Michael Biebl, who has been involved in Debian development since 2004 and which is one of the main contributors to the distribution of in the system manager area "systemd", left the package to Debian.
This was because as maintainer from the systemd package, has described the situation with the correction of the system errors as "stupid and insane", and promising not to send bug reports to system developers again.
What caused this?
The conflict arose due to the appearance of a regressive change in the version of systemd 240, which caused behavior changes when processing existing udev rules and problems for Debian users when changing the renaming logic of network interfaces.
Despite using “NAME” option to bind network interface name to MAC address after transition in udev from systemd 240.
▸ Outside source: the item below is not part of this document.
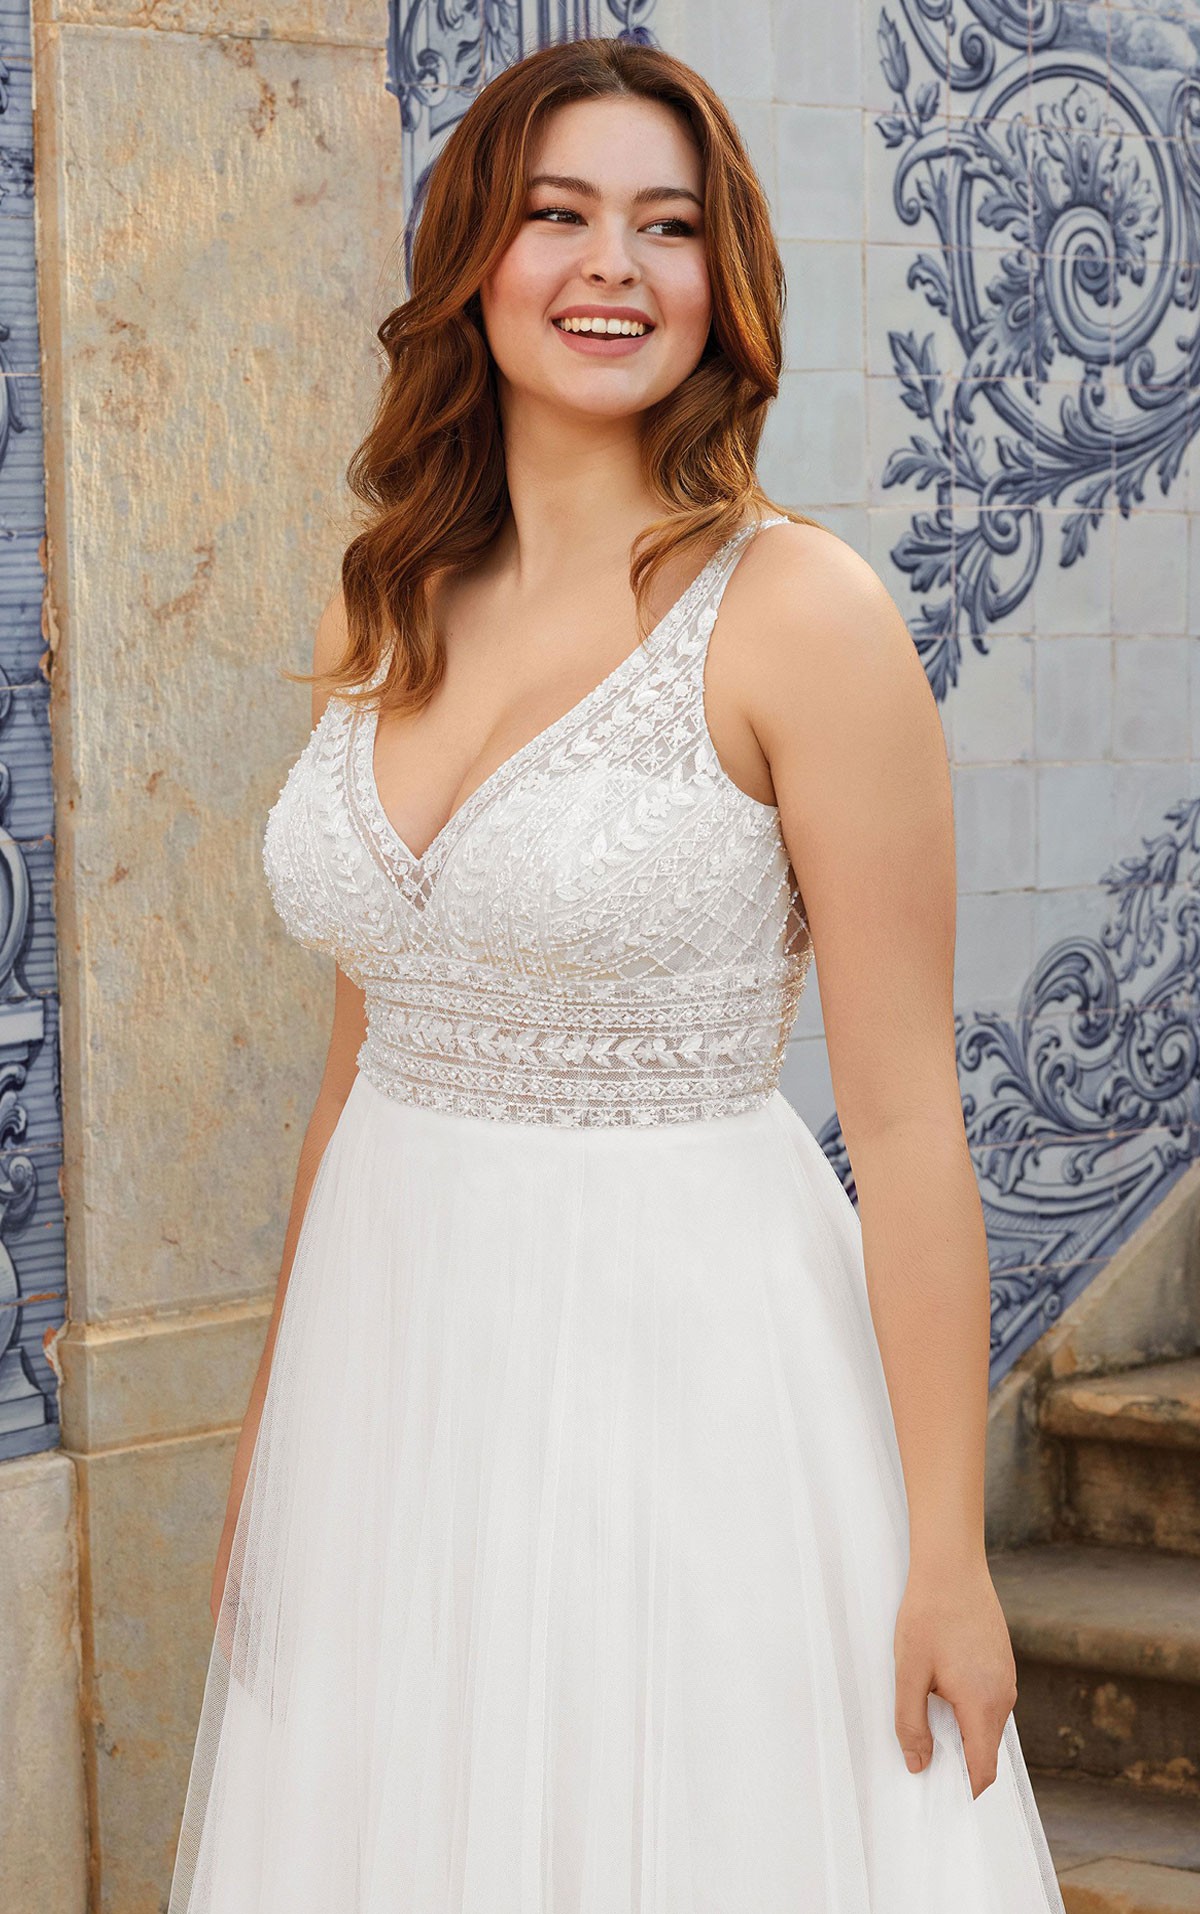 44120 - Freya Size 8, 12, 20 - Sincerity Bridal by Justin Alexander - 44120 Intricate beaded V neck bodice with straps & French tulle Aline skirt. Part of the Plus size wedding dress collection at Blessings Bridal shop Brighton - 3 Loyal Parade, Mill Rise, Westdene, Brighton. E. Sussex ~BN1 5GG T: 01273 505766 E: info@blessingsbridal.co.uk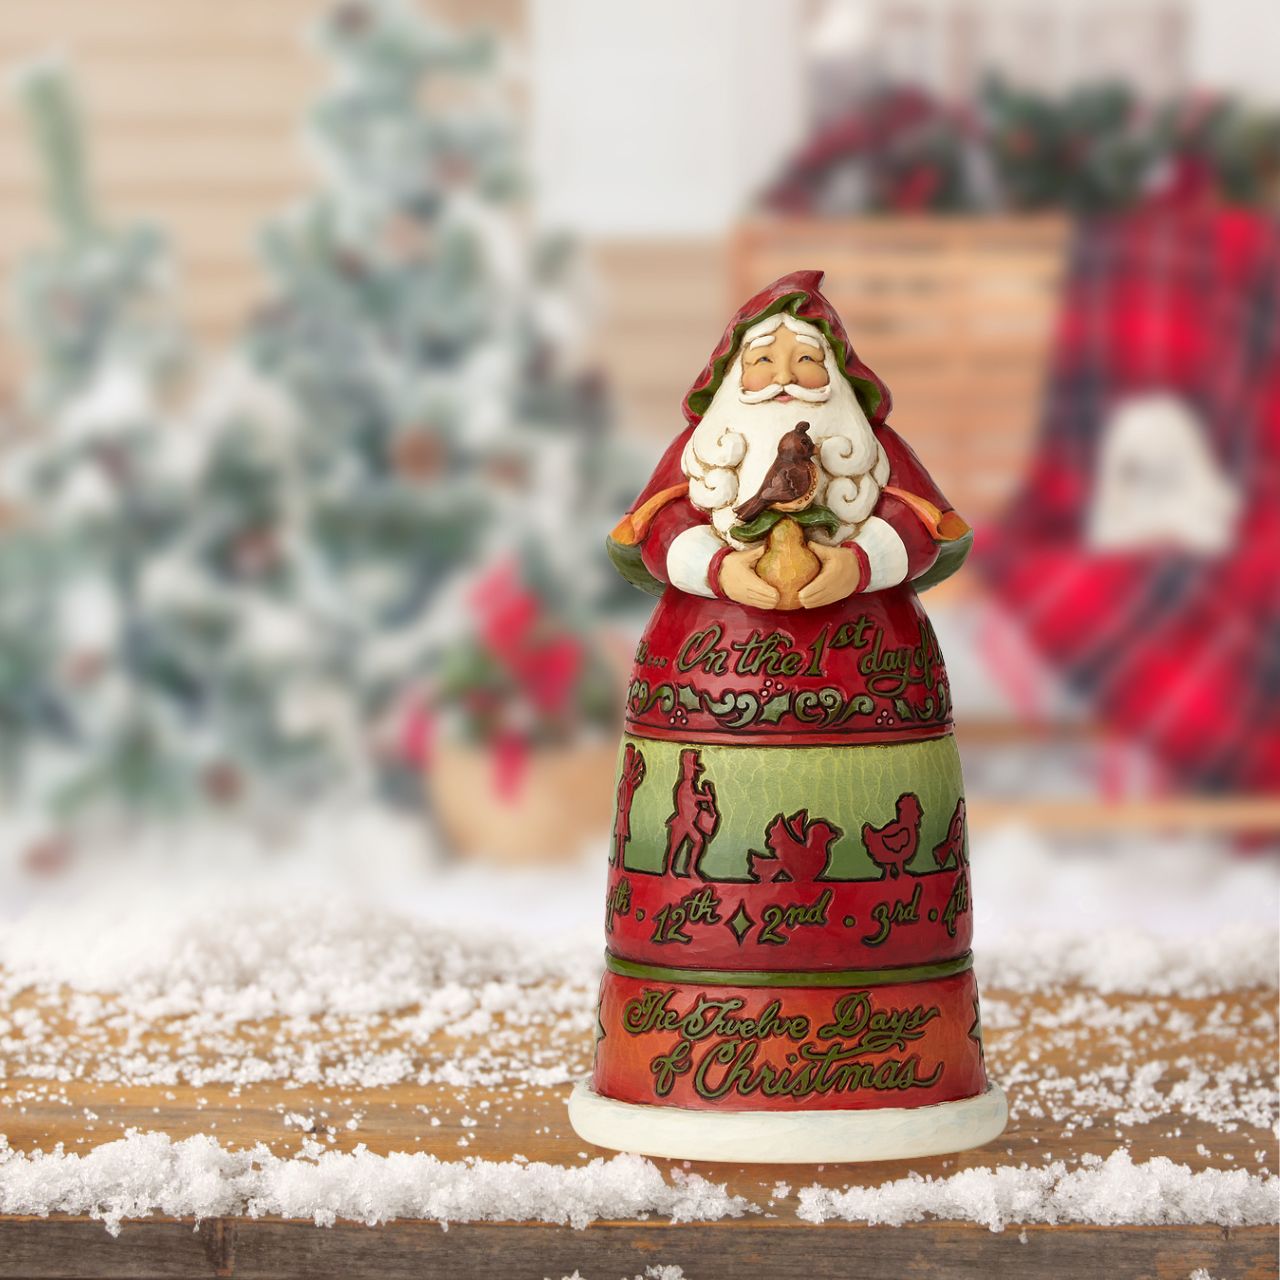 Jim Shore Heartwood Creek Offerings From The Heart  Heartwood Creek 12 Days of Christmas Santa is made of hand painted resin, wood style. Heartwood Creek Collection created by the American artist Jim Shore.

The network interfaces of the Ethernet adapters changed their names from fixed to auto-generated (previously the replacement was done only once, and since version 240 it can be used) There are several replacements).
Michael Bibl asked the systemd developers to revert to previous behavior when manual name binding specified in config is of higher priority.
That's a regression compared to v239, and I am inclined to add it to the v241 milestone as it may mean the loss of network access. Argument Michael Bibl
However the systemd developers did not consider this regressive change to be a problem, as changes made to systemd 240 did not violate the documented behavior, undocumented udev features were used, the performance of which was not guaranteed.
However, later evidence was found that the above behavior is described in the documentation.
That was how Yu Watanabe, replied, basically saying it wasn't something that affected:
Why is lan0 called when the driver loads? Yes, the end result is, ens3, then I hope it is always ens3.
What Michael Bible he replied:
It should always be named lan0 because of the udev rule.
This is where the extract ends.